II. De rechtspleging Bij beschikking van 25 augustus 1997 heeft de voorzitter in functie de rechters van de zetel aangewezen overeenkomstig de artikelen 58 en 59 van de bijzondere wet van 6 januari 1989 op het Arbitragehof.

De rechters-verslaggevers A. Arts en J. Delruelle hebben geoordeeld dat er geen aanleiding was om artikel 71 of 72 van de organieke wet toe te passen.

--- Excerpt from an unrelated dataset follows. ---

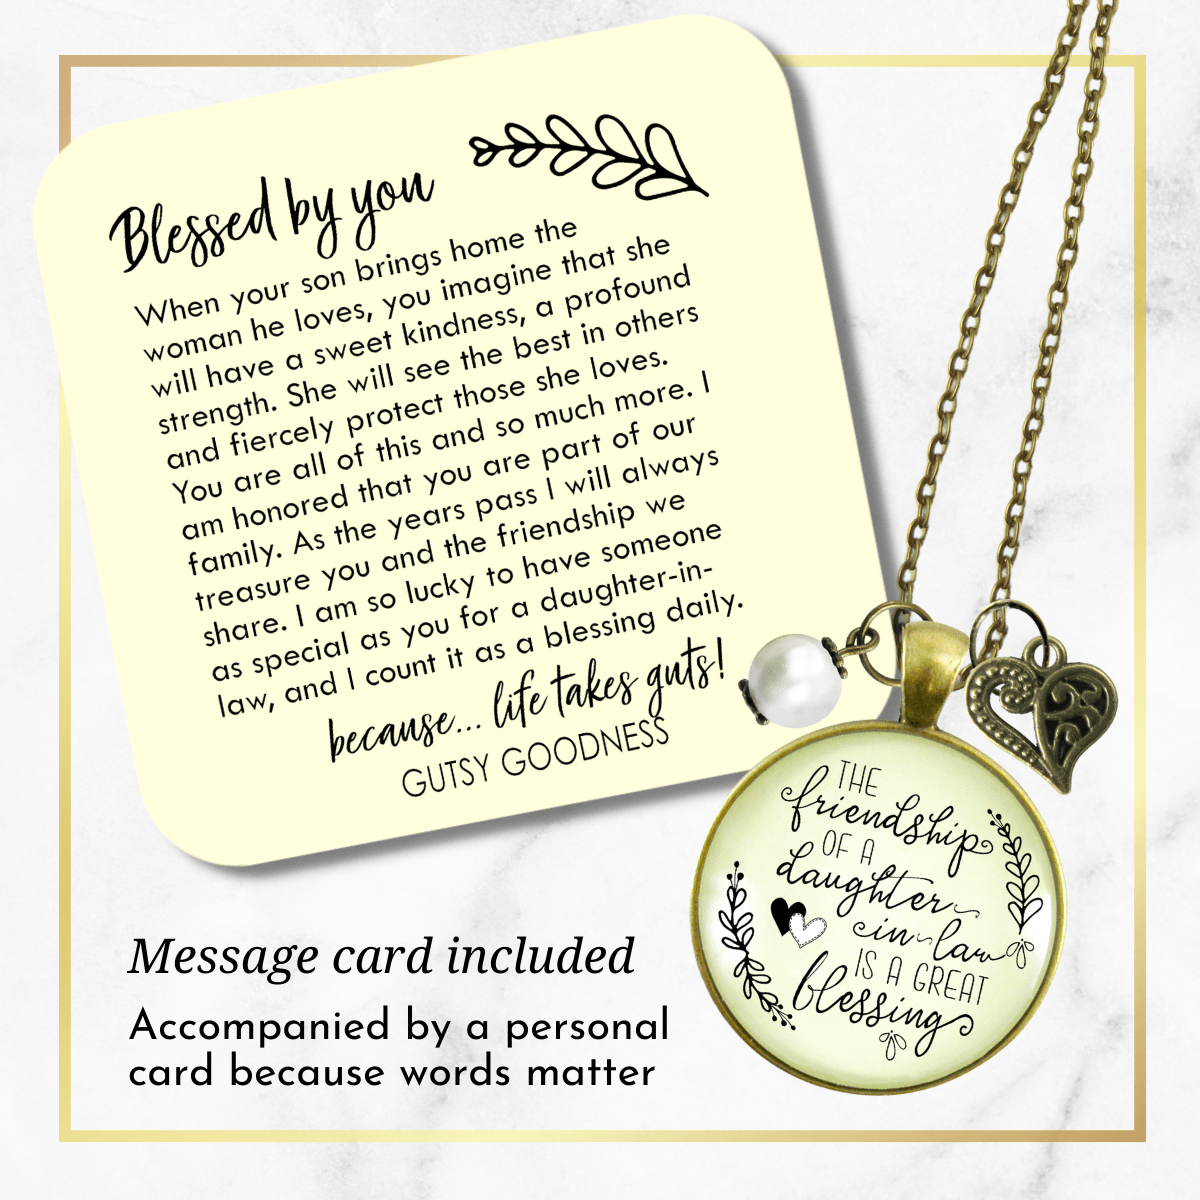 Gutsy Goodness Daughter in Law Necklace Friendship Blessing Gift from Mom Wedding Jewelry - Gutsy Goodness Handmade Jewelry;Daughter In Law Necklace Friendship Blessing Gift From Mom Wedding Jewelry - Gutsy Goodness Handmade Jewelry Gifts

Van het beroep is kennisgegeven overeenkomstig artikel 76 van de organieke wet bij op 29 september 1997 ter post aangetekende brieven.

Het bij artikel 74 van de organieke wet voorgeschreven bericht is bekendgemaakt in het Belgisch Staatsblad van 1 oktober 1997.

De Ministerraad, Wetstraat 16, 1000 Brussel, heeft een memorie ingediend bij op 12 november 1997 ter post aangetekende brief.

Van die memorie is kennisgegeven overeenkomstig artikel 89 van de organieke wet bij op 19 november 1997 ter post aangetekende brief.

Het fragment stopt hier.